- _Work to complete_
The listing below must be returned in full and unchanged, without the images it carries.

- _Data block_

◇ ◇ ◇

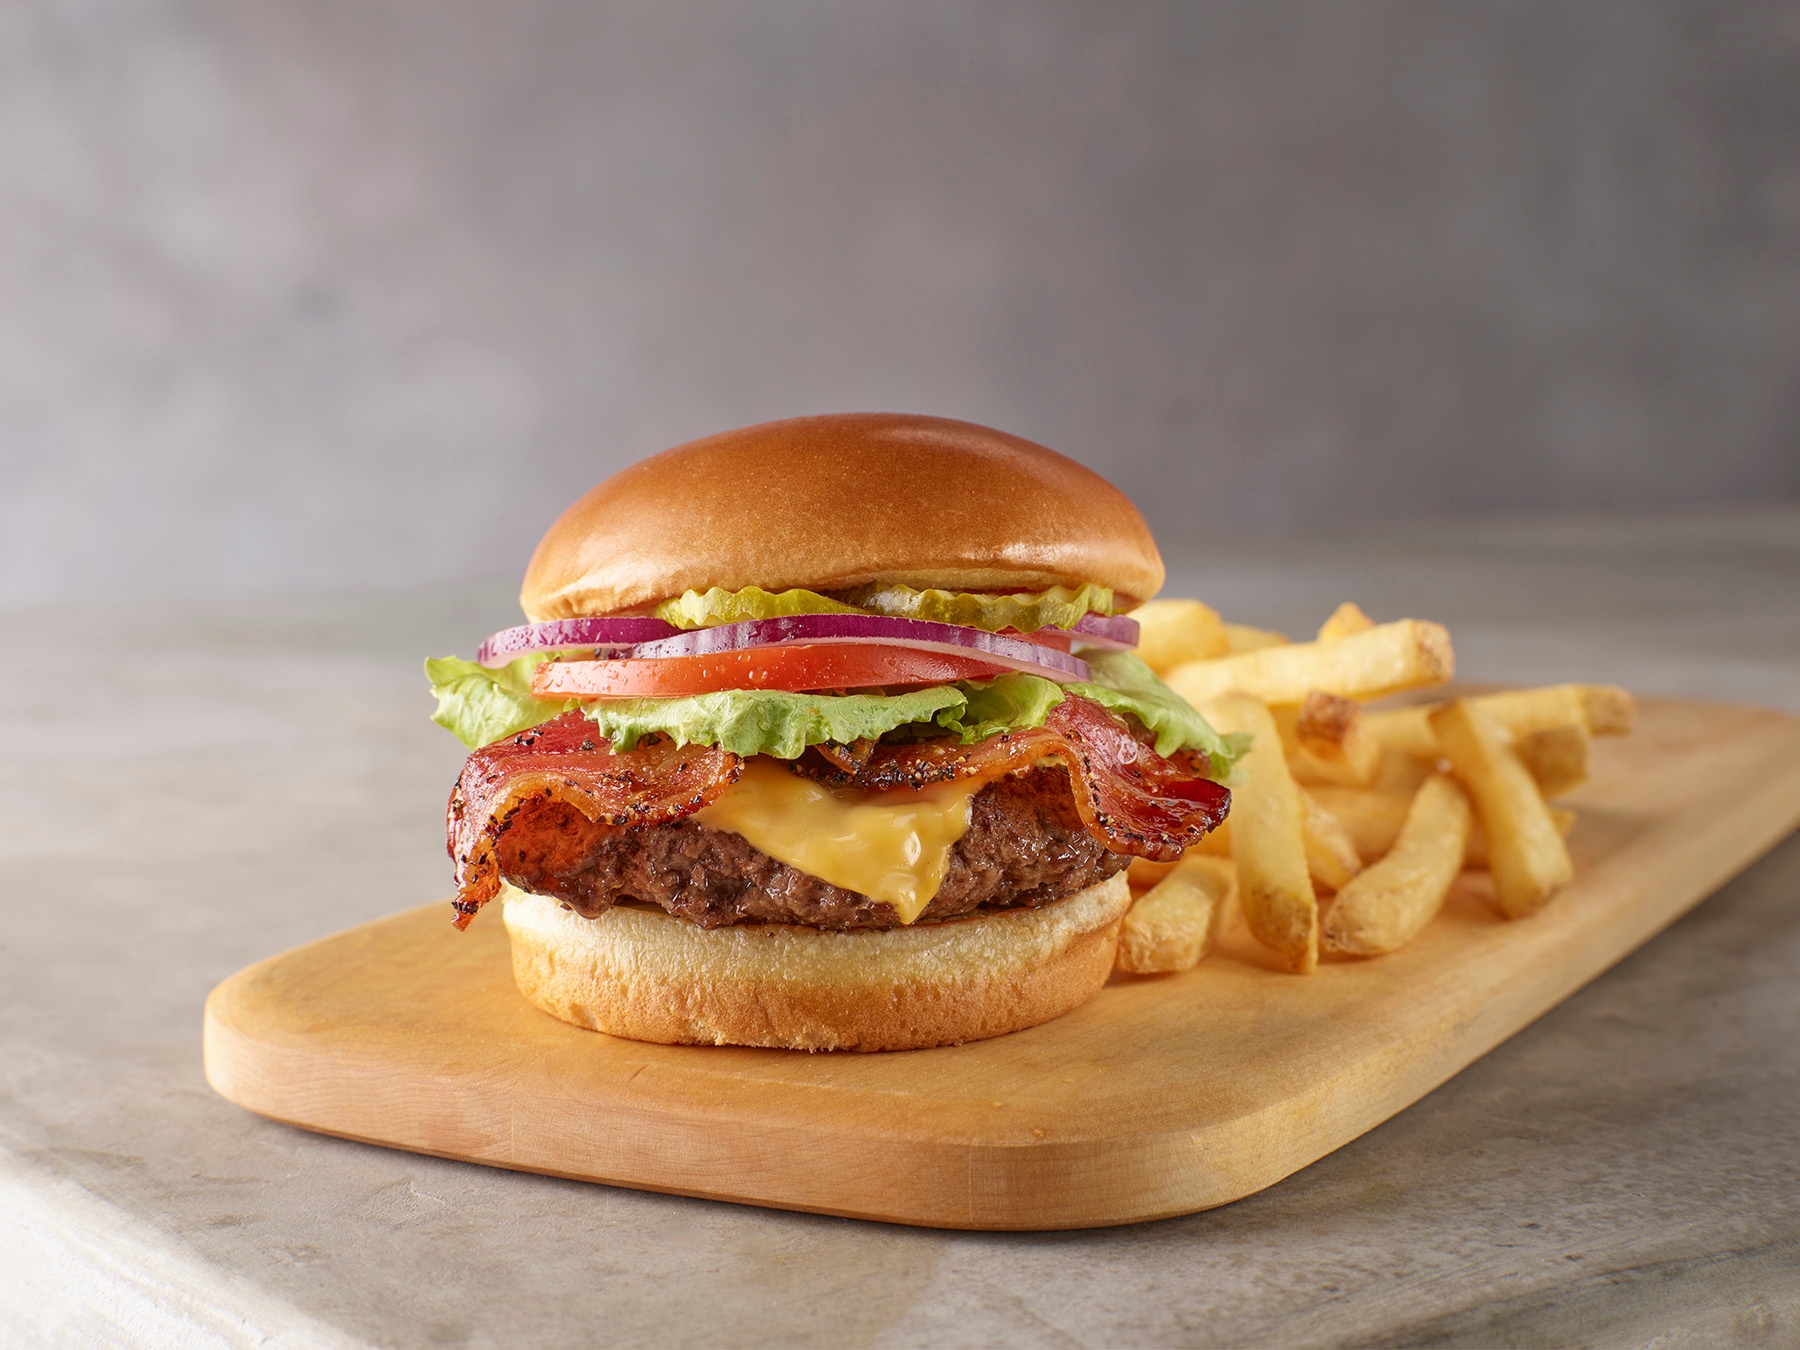 A beef patty topped with bacon, American cheese, lettuce, tomato, red onion, and pickles. Served on a crisp, pillowy bun.
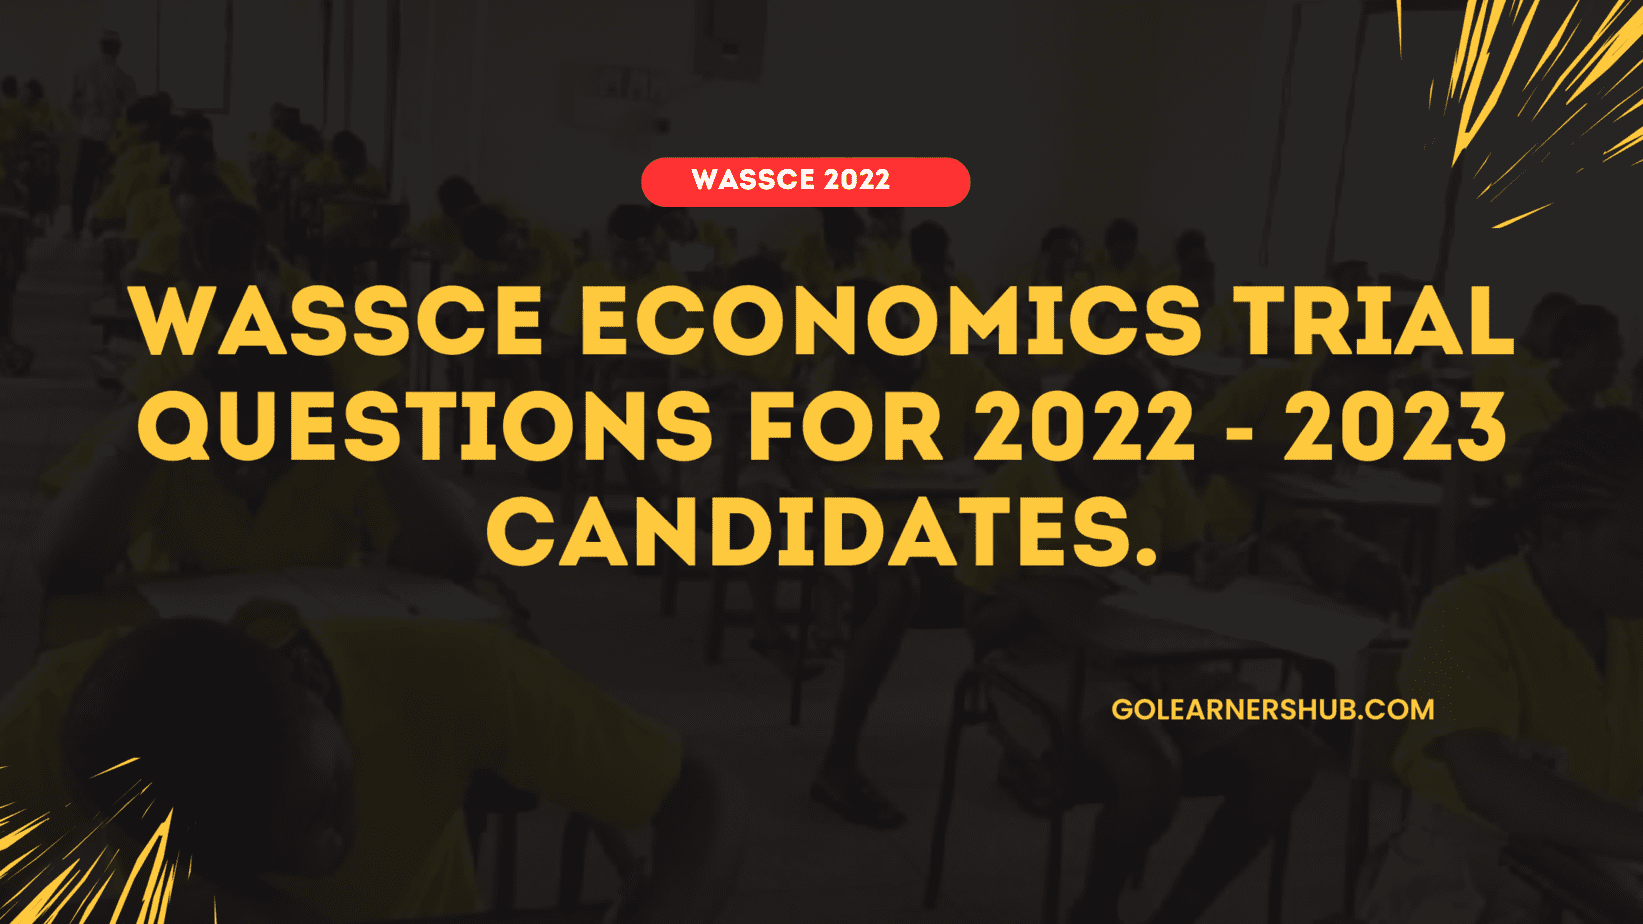 WASSCE Economics Trial Questions For 2022 - 2023 Candidates
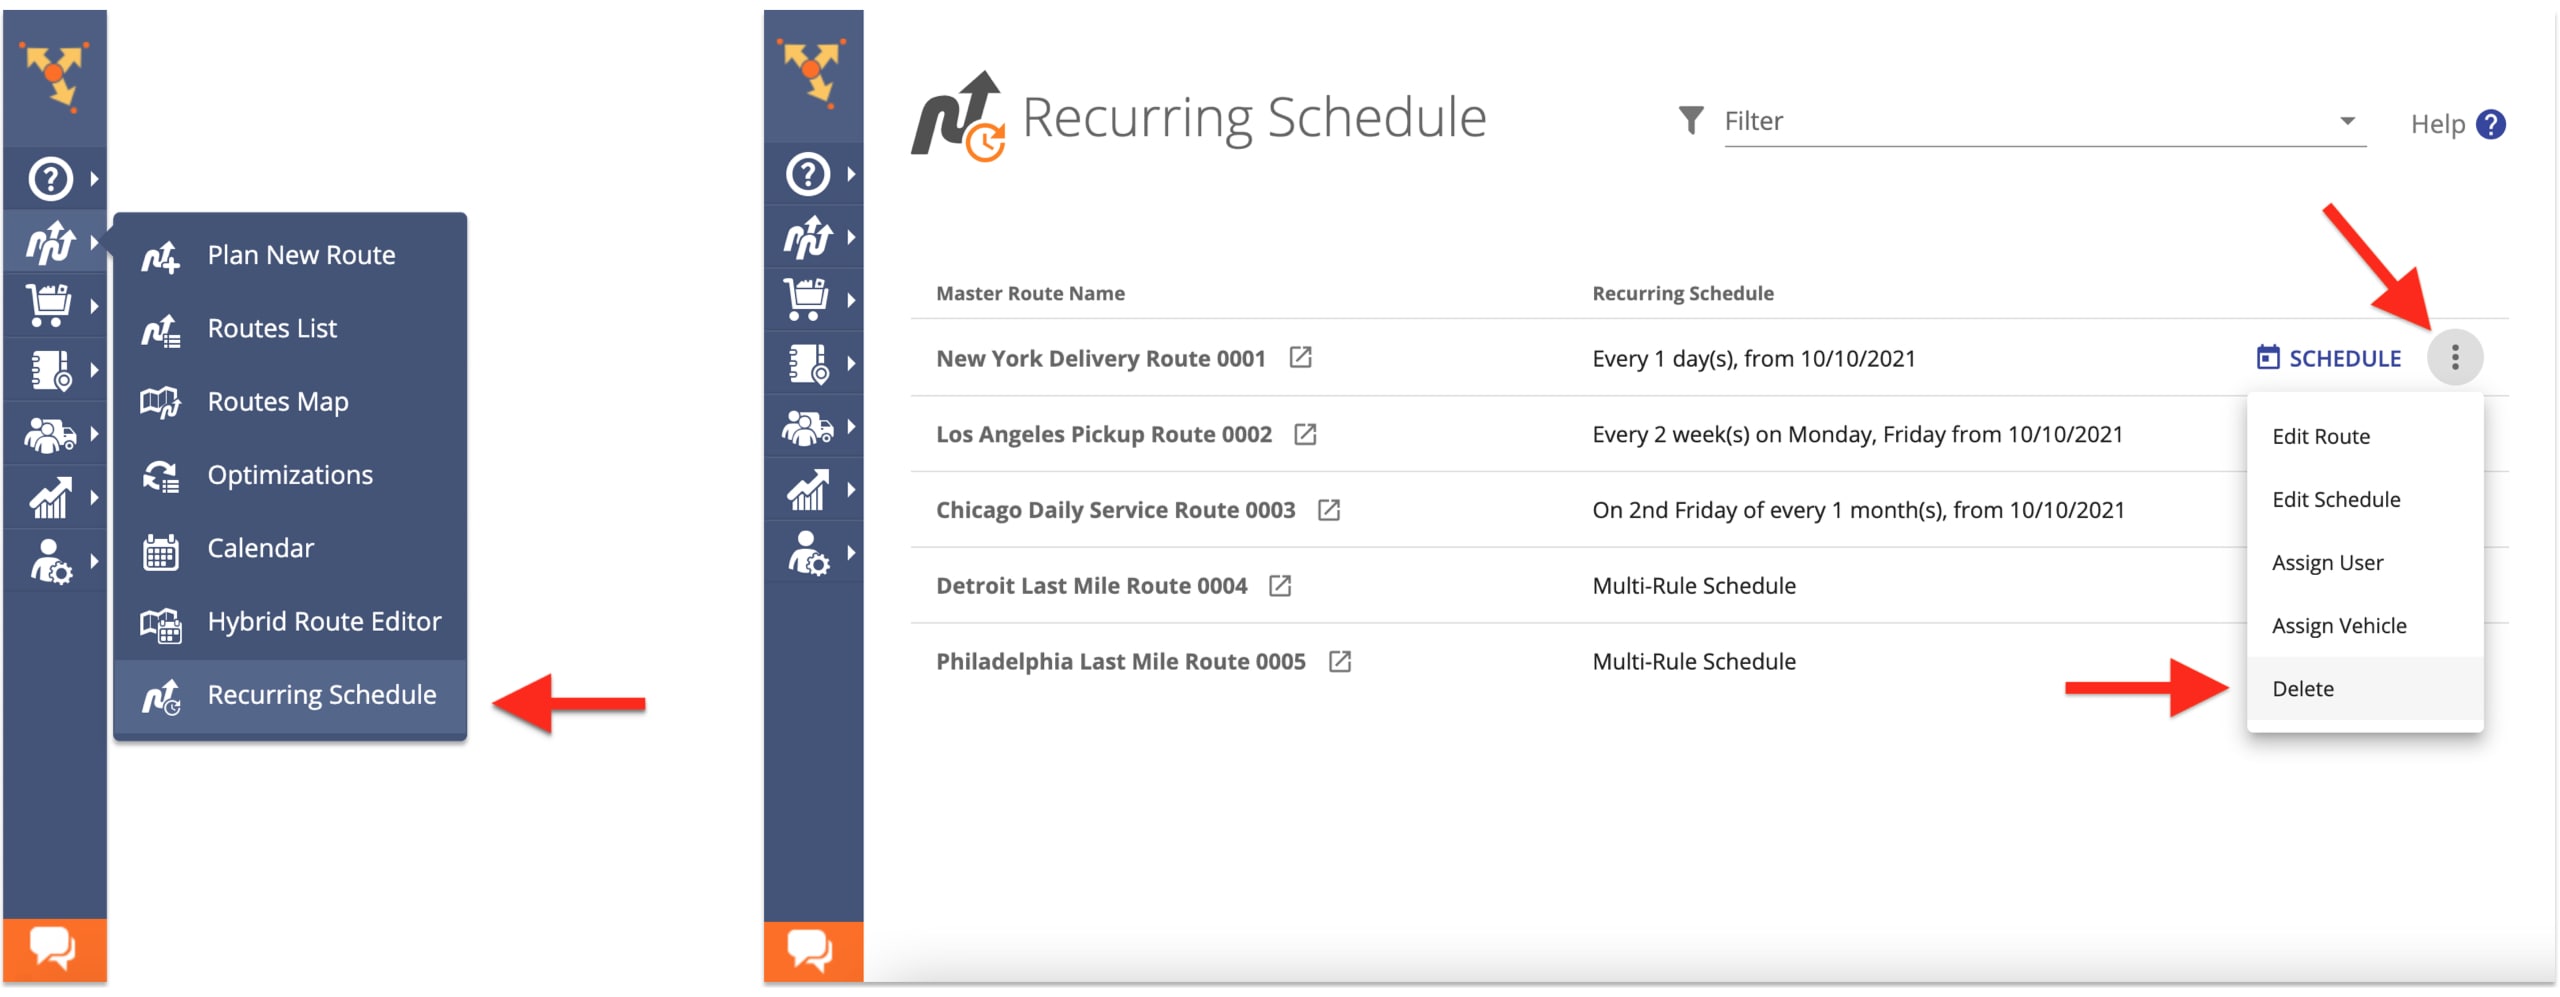 Open Recurring Schedule to manage delivery calendar & repeat routes on route planning software.

◇ ◇ ◇

- _Solution for this task_
 A beef patty topped with bacon, American cheese, lettuce, tomato, red onion, and pickles. Served on a crisp, pillowy bun.
 WASSCE Economics Trial Questions For 2022 - 2023 Candidates
 Open Recurring Schedule to manage delivery calendar & repeat routes on route planning software.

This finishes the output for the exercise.